Thursday, January 17, 2013

Corporate Winners in a Hard Place

from El País


It's not all bad news in Spain. There are entrepreneurs who, assisted by highly qualified professionals, are meeting with success in their business ventures. In the middle of a crisis that is already five years old, a group of companies finds itself far ahead of the market thanks to measures that ensured growth and expansion when the economy was doing well, and even now that it is doing poorly.

These firms have increased turnover and either maintained or expanded their workforce. The secrets of their success have been an international outlook, a management style that is willing to take risks in under-exploited market niches, financial prudence to avoid being crushed by debt, investment in technology and the promotion of talent.

The Spanish businesses that have grown at sustainable rates over the last decade, notes ESADE Business School professor Xavier Mendoza, are those that based their activity on innovation and foreign markets.
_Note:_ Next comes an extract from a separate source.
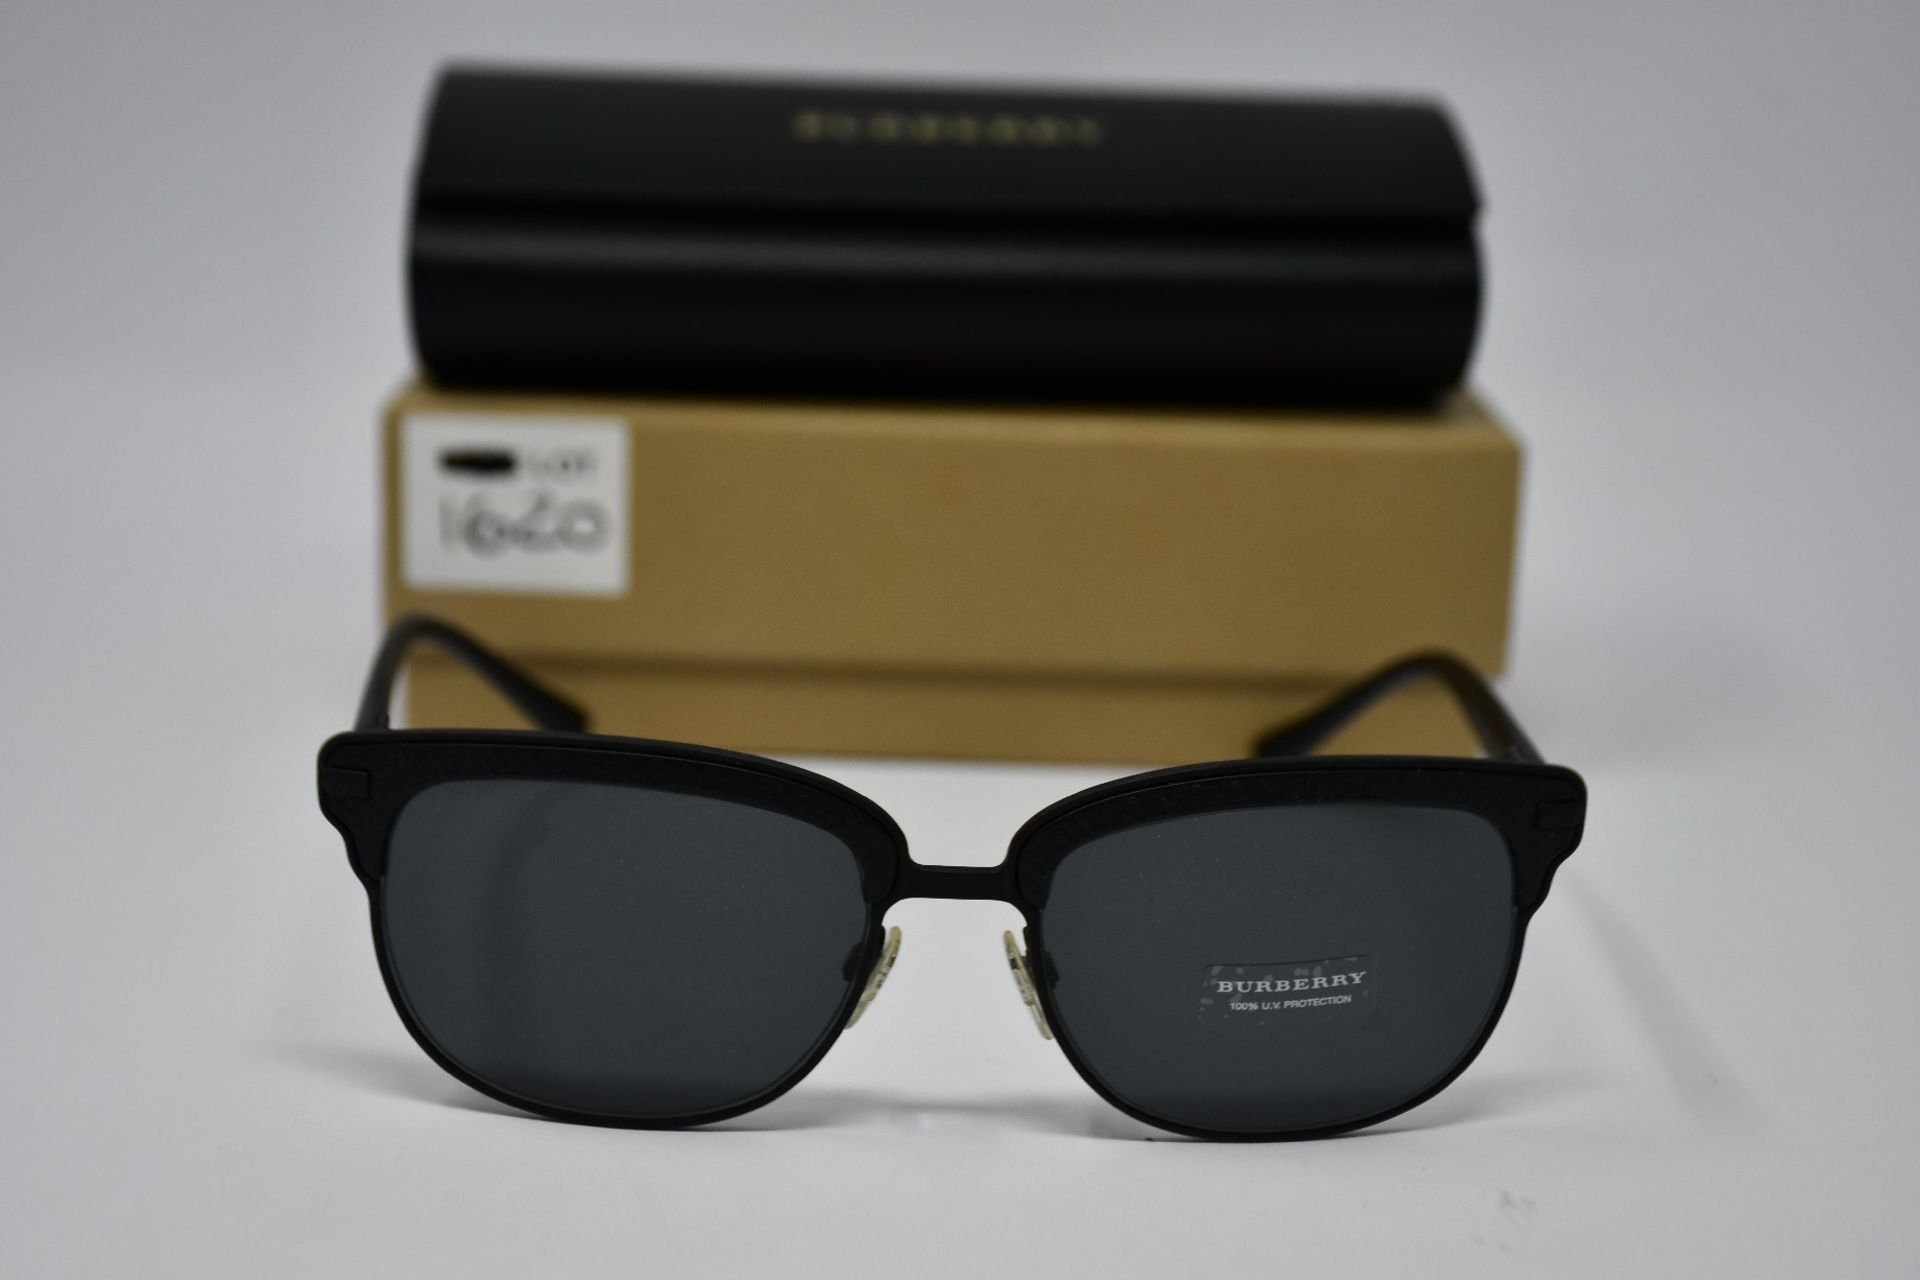 A pair of as new Burberry sunglasses.

They are companies like Mercadona, the distribution and supermarket chain, which succeeded through financial brawn, good management and talent. In other cases, internationalization allowed fashion retailers Inditex and Mango and the services and construction group OHL to become mostly independent from domestic consumption. Meanwhile, innovation has enabled the healthcare company Grifols to gain a foothold in a sector ruled by large pharmaceutical companies.

Mendoza explains that innovation ensures the creation of well-paid, highly specialized jobs. "Winning companies incorporate more knowledge and pay their employees above-average salaries."

Other winners include firms that took advantage of the crisis to gain market share, such as the discount supermarket chain Día or the telecoms company Jazztel. Acquisitions helped Banco Sabadell, the private security firm Prosegur, and Agroalimen, a producer of food and consumer goods.

"Spanish companies that are doing well, crisis or no crisis, are those that continue to invest even though the environment is not favorable to it," says Sebastián Giménez, a partner at McKinsey & Company.


- MERCADONA. The secret to the success of the Mediterranean-based supermarket chain, which saw profits increase fivefold over the last decade, is that customers appreciate its focus on value. This is the way it has gained market share, says Sebastián Giménez of McKinsey. "And it didn't need a crisis to achieve it."

ESADE's Mendoza adds that Mercadona listened to the market and lowered its prices, making customers even more loyal. Since the onset of the crisis in 2007, turnover grew by nearly four billion euros to nearly 18 billion euros and its workforce grew by 10,000. Meanwhile, its network of supermarkets has ballooned from fewer than 700 a decade ago to 1,400. Last year, Mercadona invested 600 million euros.